Comment by Jennae @ Green Your Decor on 19 June 2008:
You make an excellent point. I have a prepaid phone, and even though my initial phone was fairly inexpensive (around $100), if I ever want to replace it, I will have to pay full retail for it. For those who don’t know, full retail is the actual cost of the phone, not the waaaay discounted rates cell companies charge to those establishing a new contract. Because I don’t have a contract, I’ll have to pay $300-400 if I want a new phone that has any features. That alone means I’ll be keeping my current phone for a loooong time. And recycling it whenever I do decide to get rid of it.
Comment by melanie on 19 June 2008:
I have to admit that I got a free phone with a 3 years contract. These phones are crap, mine is falling apart. If it wasn’t of that, I would have kept it for at least another year. So it’s not just about wanting new features, there is a reason why these phones are free, they are crap, and nobody would want to pay for that. When my phone won’t be usable anymore, I will buy the iphone.

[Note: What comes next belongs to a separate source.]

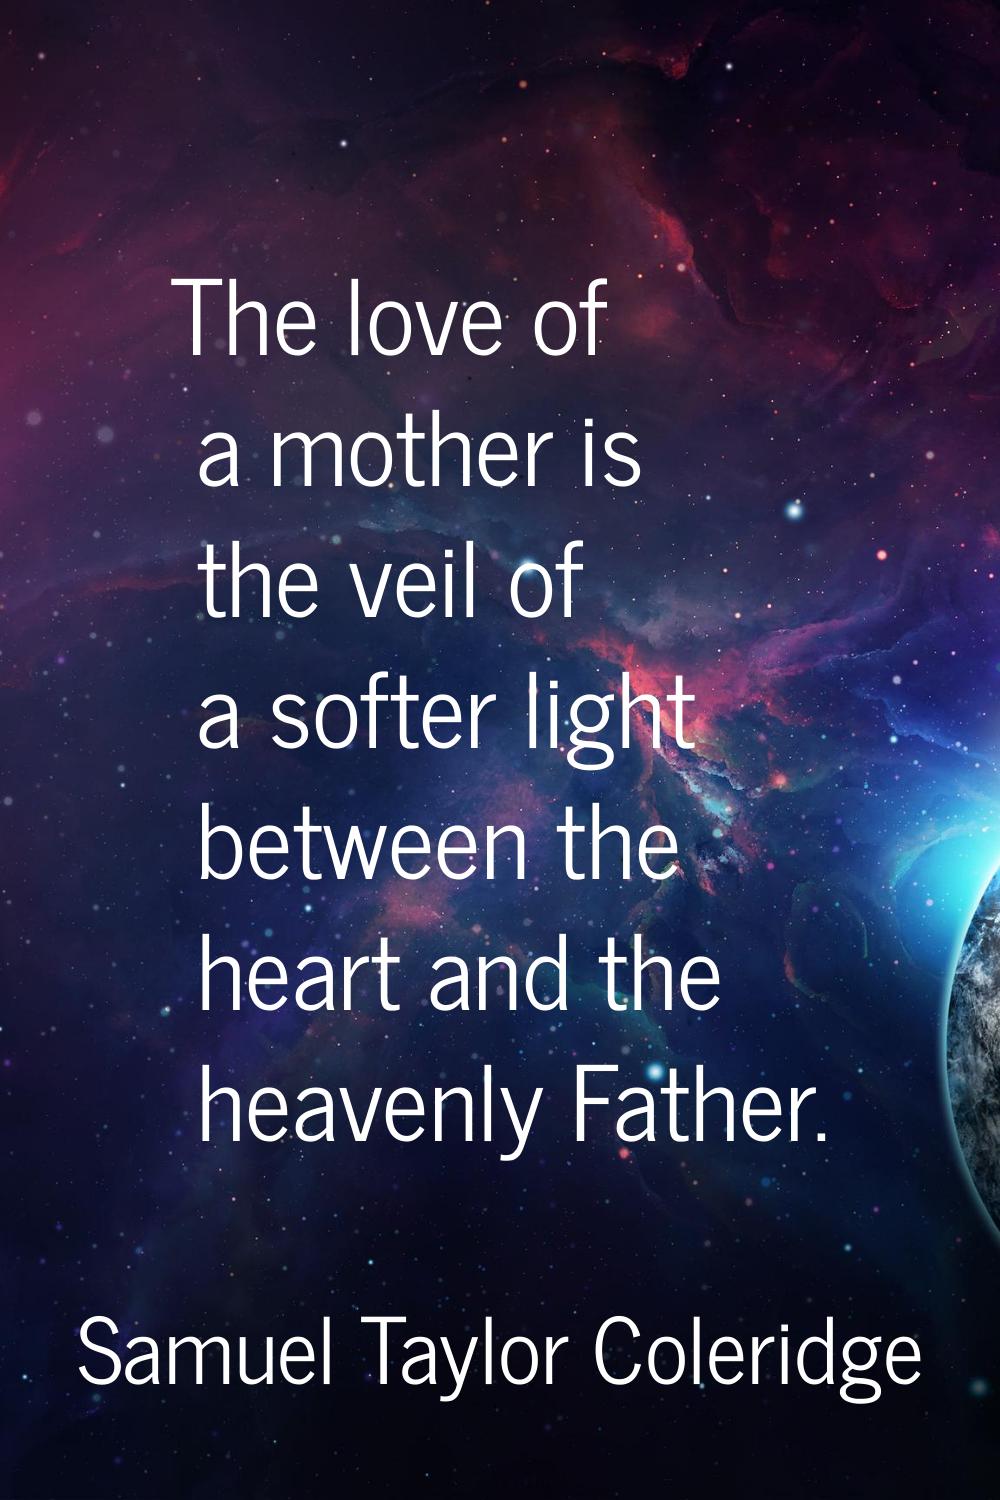 The love of a mother is the veil of a softer light between the heart and the heavenly Father.

Comment by David on 19 June 2008:
Actually, Tom, I had a Treo for 3.5 years that finally broke and no longer worked. Is that ok with you? And I don’t know a single person who paid $600 for an iPhone.
Comment by Paige on 19 June 2008:
There’s a great organization called Eco-cell (http://www.eco-cell.org/index.asp ) which runs a strict no landfill cell phone recycling program. Approximately 80% of the phones collected will be refurbished and reused by first-time users abroad or by selected local organizations, such as hospital patients for emergency 911 calls. All unusable cell phones and accessories are recycled under strict EPA guidelines by certified recyclers. I was impressed with them when I researched where to recycle my old cell.